Converting to sparse matrix.
Converting to DelayedArray.
+ Calculating normalized mean expression.
Converting to sparse matrix.
Converting to sparse matrix.
+ Calculating normalized specificity.
Converting to sparse matrix.
Converting to sparse matrix.
Converting to sparse matrix.
Converting to sparse matrix.
+ Saving results ==> /tmp/Rtmpc3QW1s/ctd_allKImouse.rda
Subsetting on the number of genes and cells should be relatively quick to do.
Noted, thanks. I have tried with setting
as_DelayedArray
toTRUE
and reducing the number of cores. I get a different error:5 core(s) assigned as workers (251 reserved). Error in .from_Array_to_matrix(x, ...) : unused argument ("matrix")
It looks like this is coming from somewhere within DelayedArray, but can't quite pinpoint where or why yet.
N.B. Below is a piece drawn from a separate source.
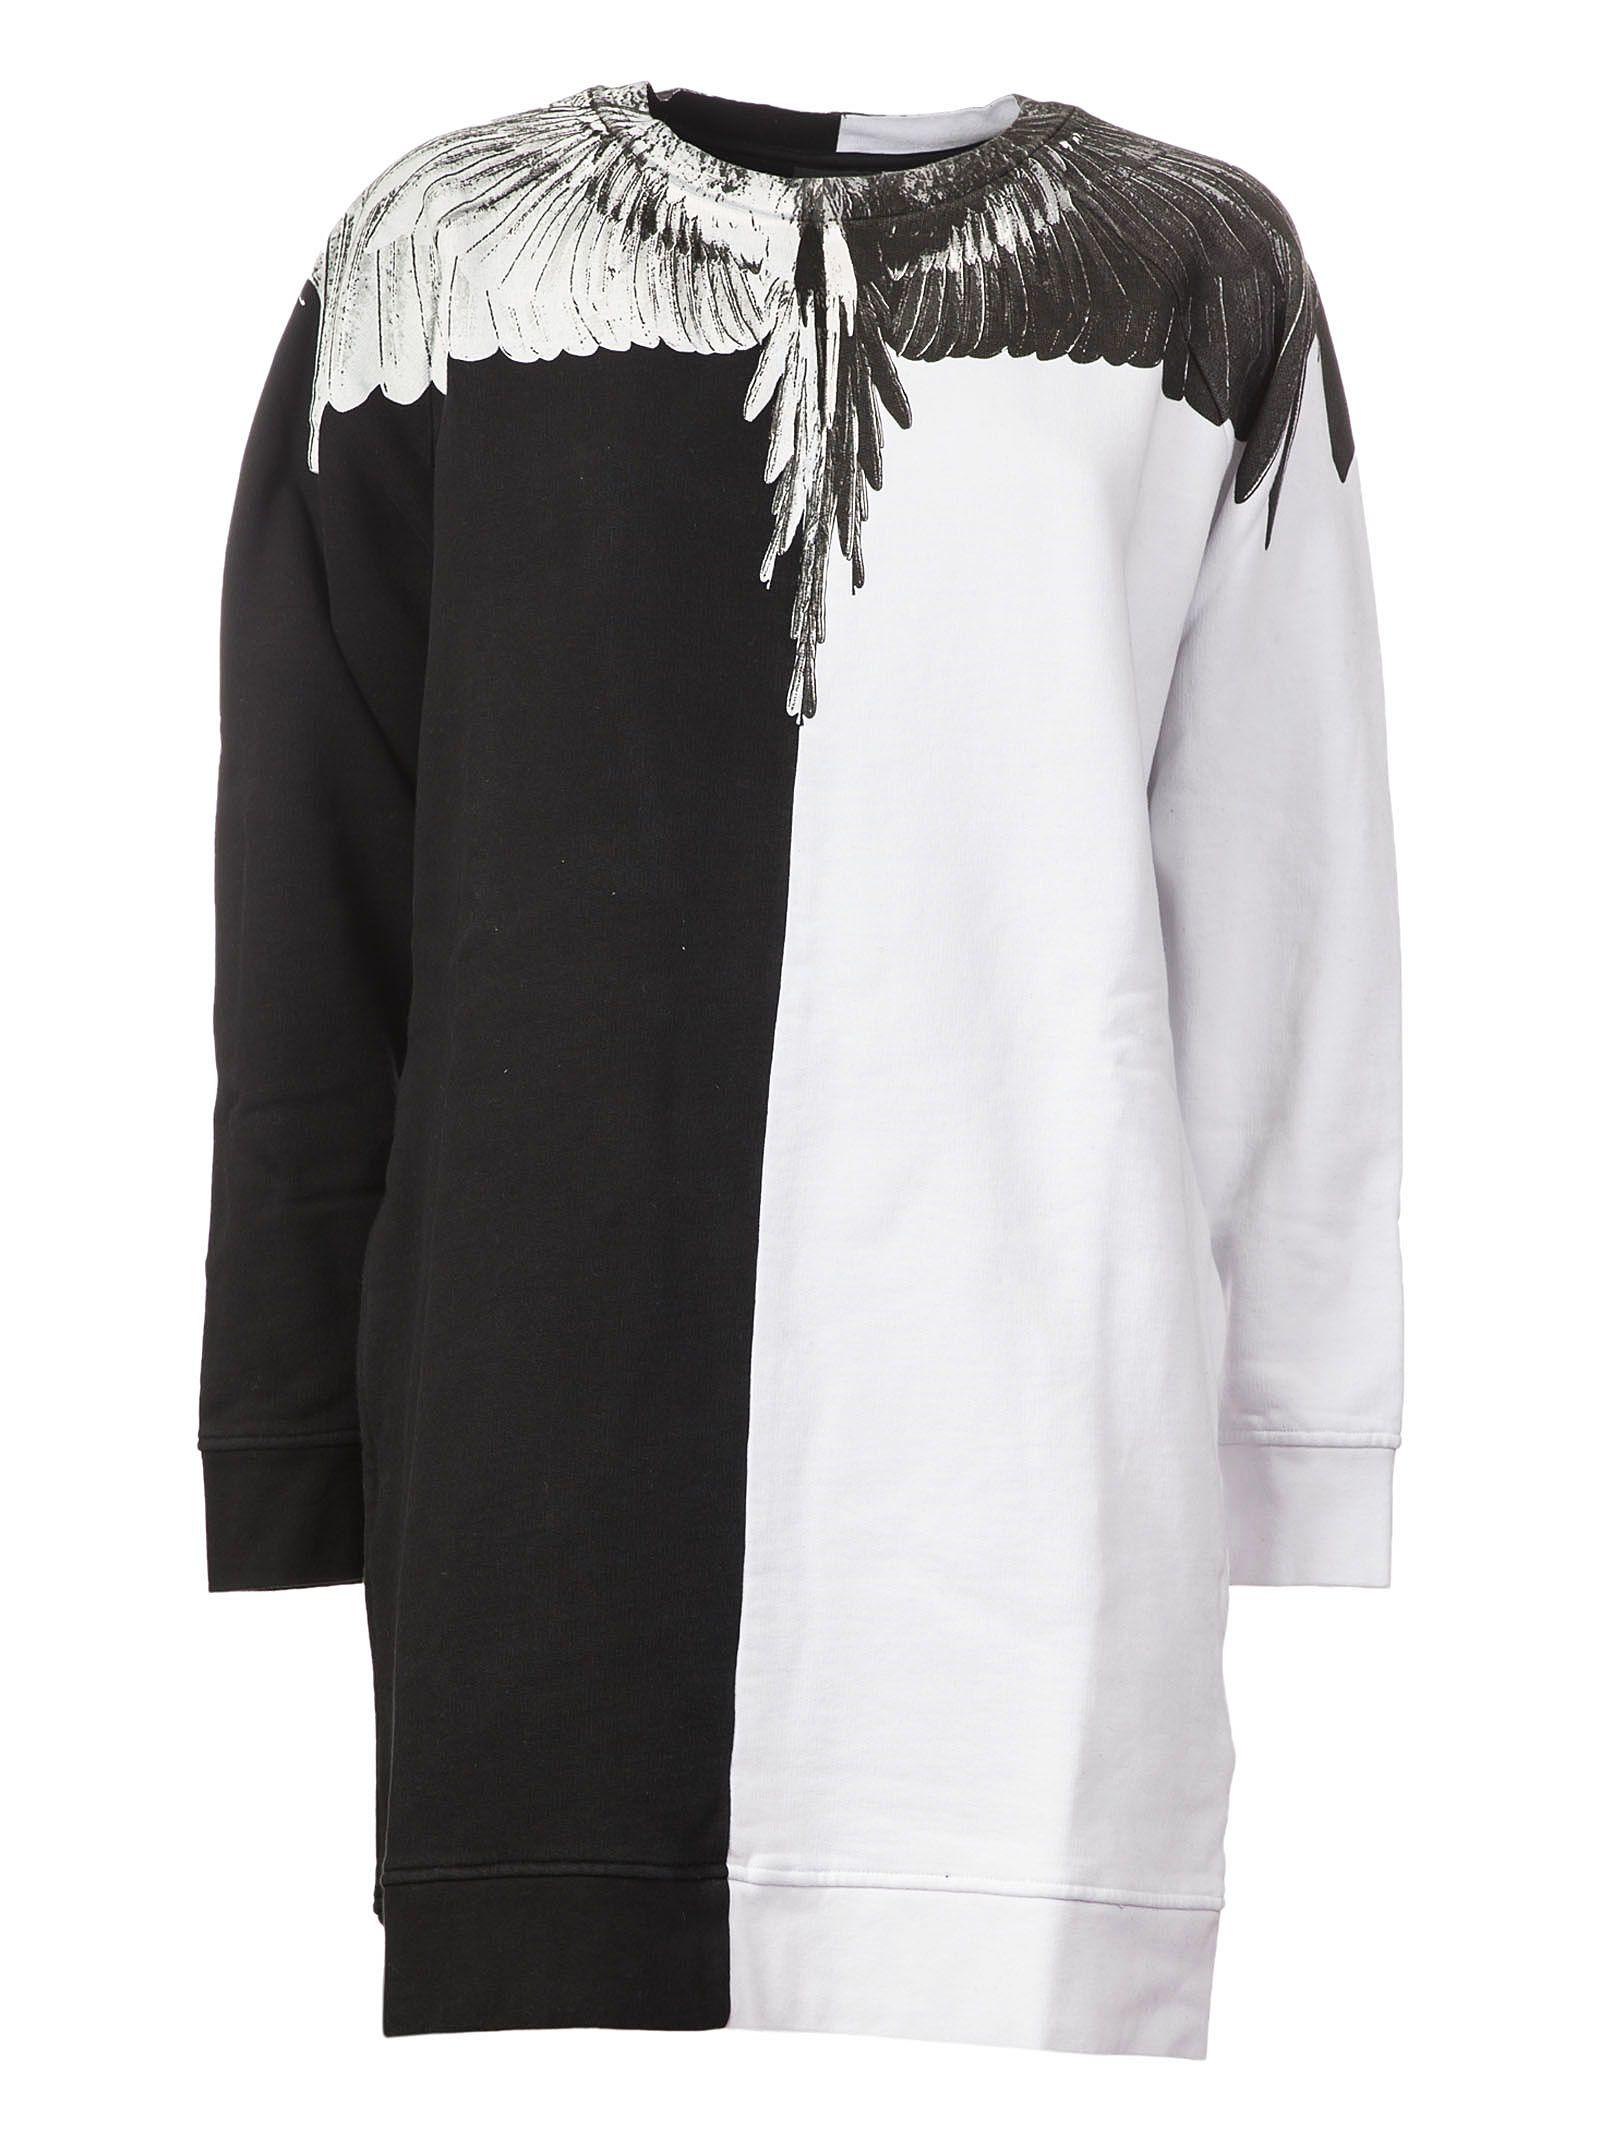 Marcelo Burlon Sweatshirt Dress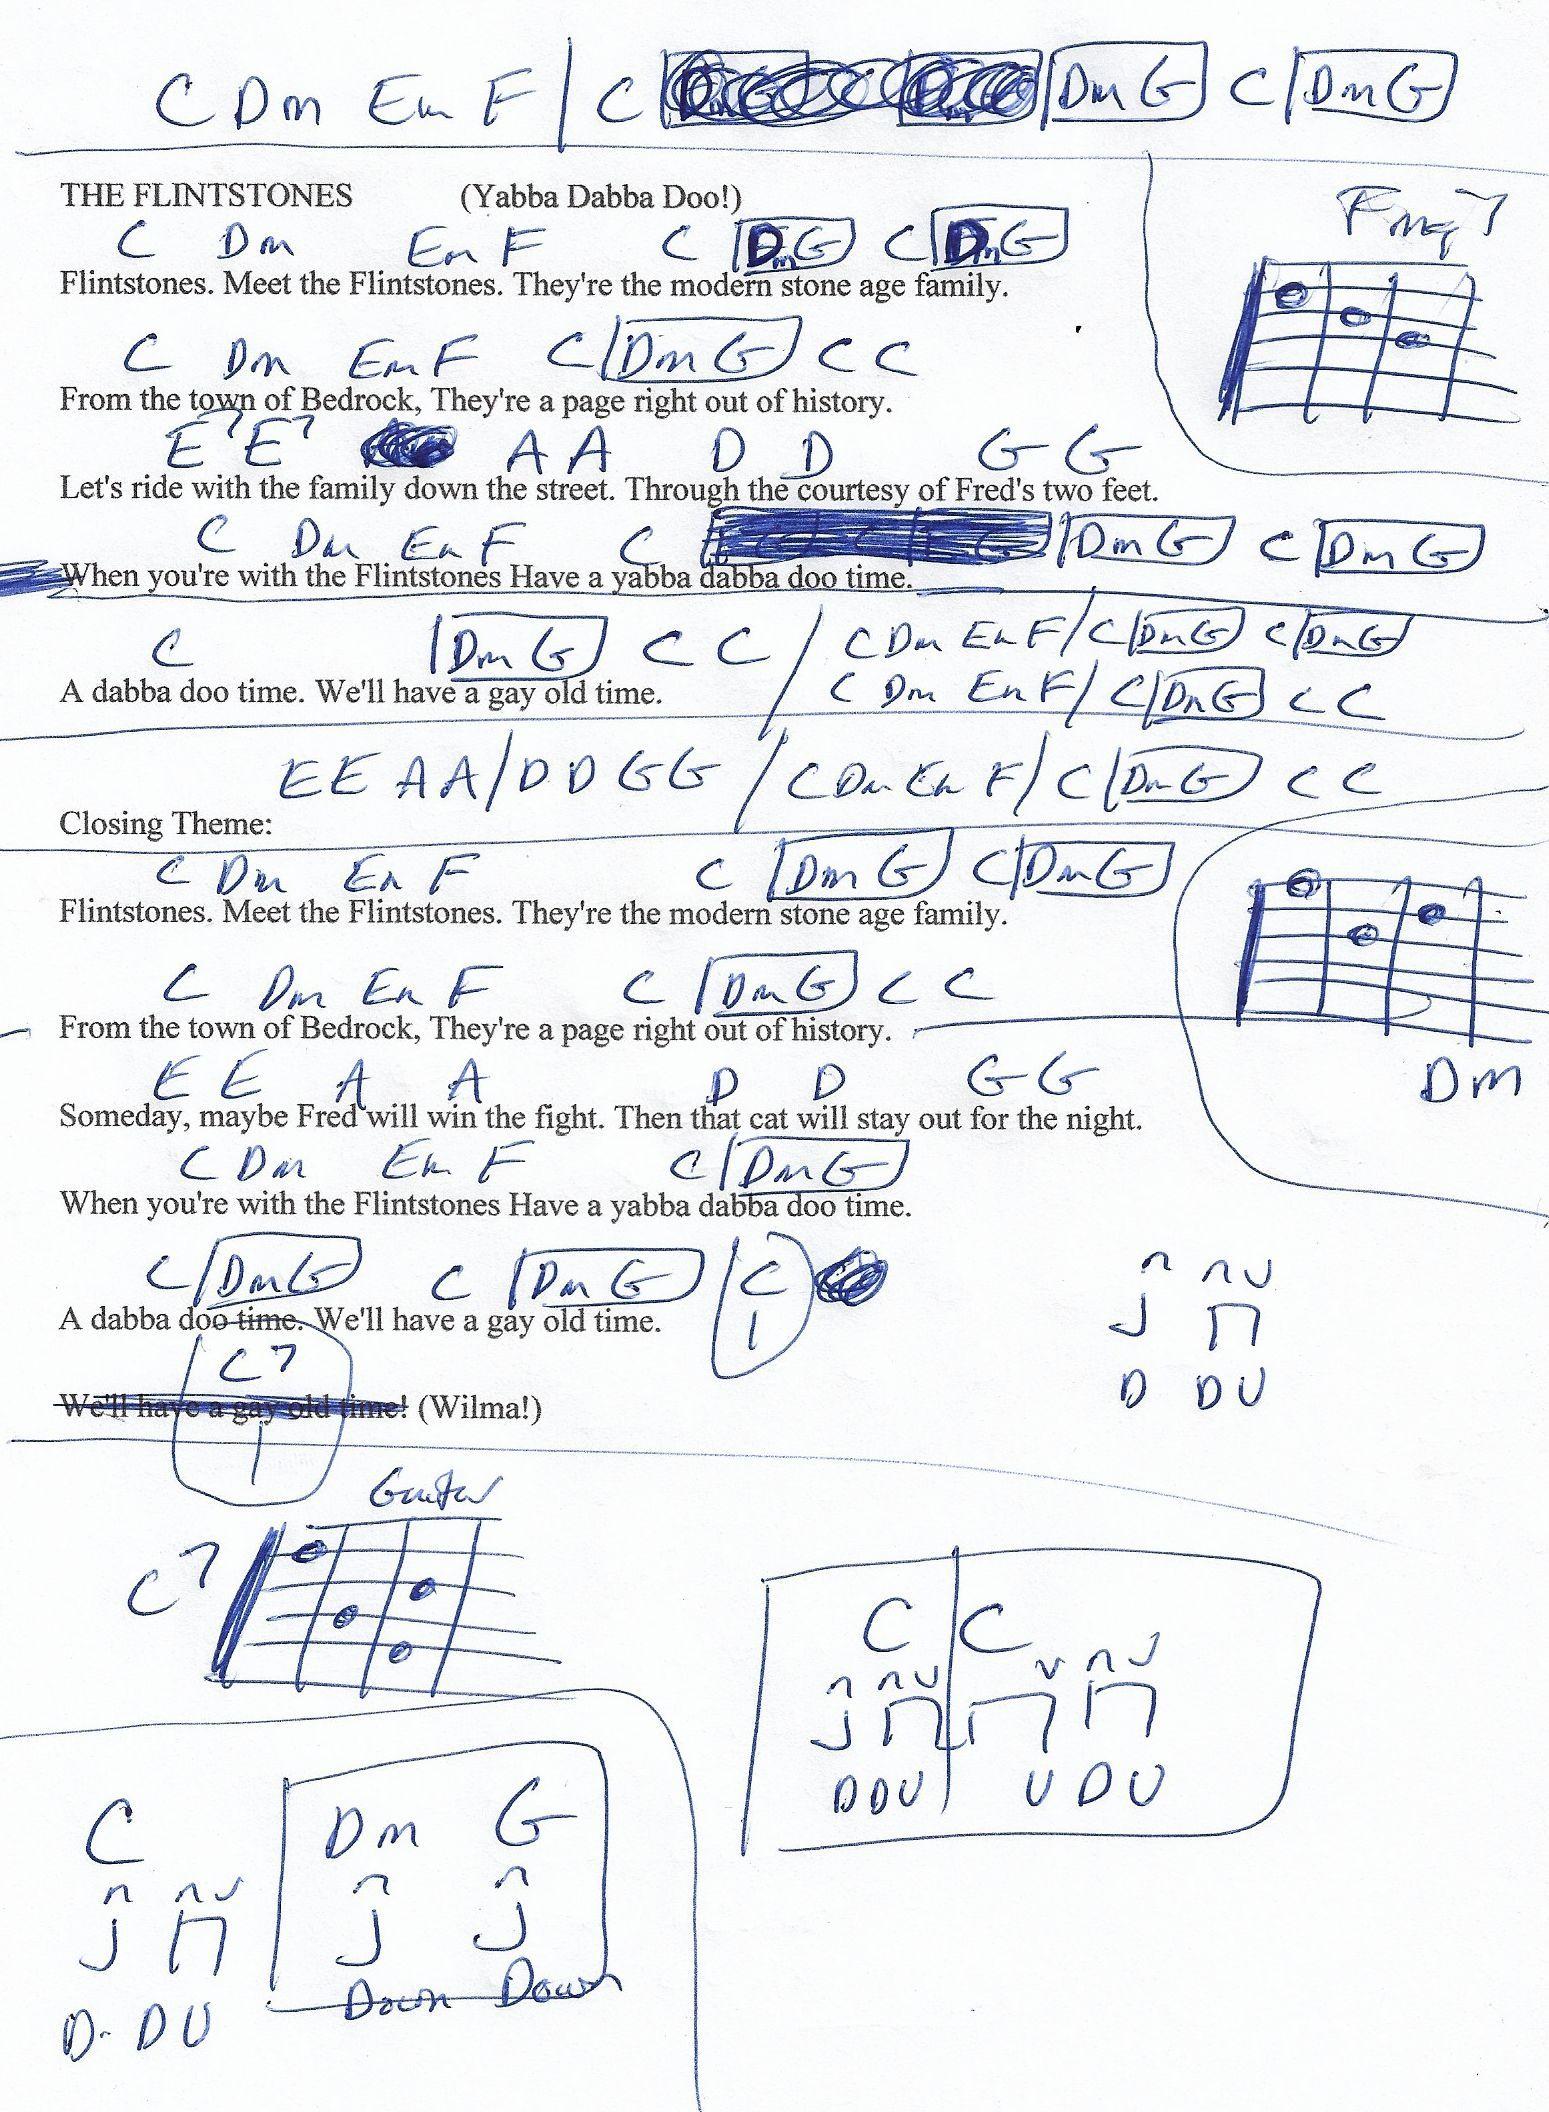 The flintstones tv theme guitar chord chart munson arrangement the flintstones tv theme guitar chord chart munson arrangement hexwebz Images

Also, @ainefairbrother , can you confirm that your exp
DelayedArray object is backed at time you're running the function? ie saved to disk and only reading in the each chunk into memory as-needed. That will ensure you're fully benefitting from the DelayedArray capabilities.
This can be done using this set of functions: https://rdrr.io/bioc/HDF5Array/man/saveHDF5SummarizedExperiment.html
See here for more info: https://www.bioconductor.org/packages/release/bioc/vignettes/DelayedArray/inst/doc/02-Implementing_a_backend.html
Noted, thanks. I have tried with setting
as_DelayedArray
toTRUE
and reducing the number of cores. I get a different error:5 core(s) assigned as workers (251 reserved). Error in .from_Array_to_matrix(x, ...) : unused argument ("matrix")
It looks like this is coming from somewhere within DelayedArray, but can't quite pinpoint where or why yet.
Also, @ainefairbrother , can you confirm that your
exp
DelayedArray object is backed at time you're running the function? ie saved to disk and only reading in the each chunk into memory as-needed. That will ensure you're fully benefitting from the DelayedArray capabilities.This can be done using this set of functions: https://rdrr.io/bioc/HDF5Array/man/saveHDF5SummarizedExperiment.html
See here for more info: https://www.bioconductor.org/packages/release/bioc/vignettes/DelayedArray/inst/doc/02-Implementing_a_backend.html
Hi Brian - yes, can confirm that it's backed at the time of running the function.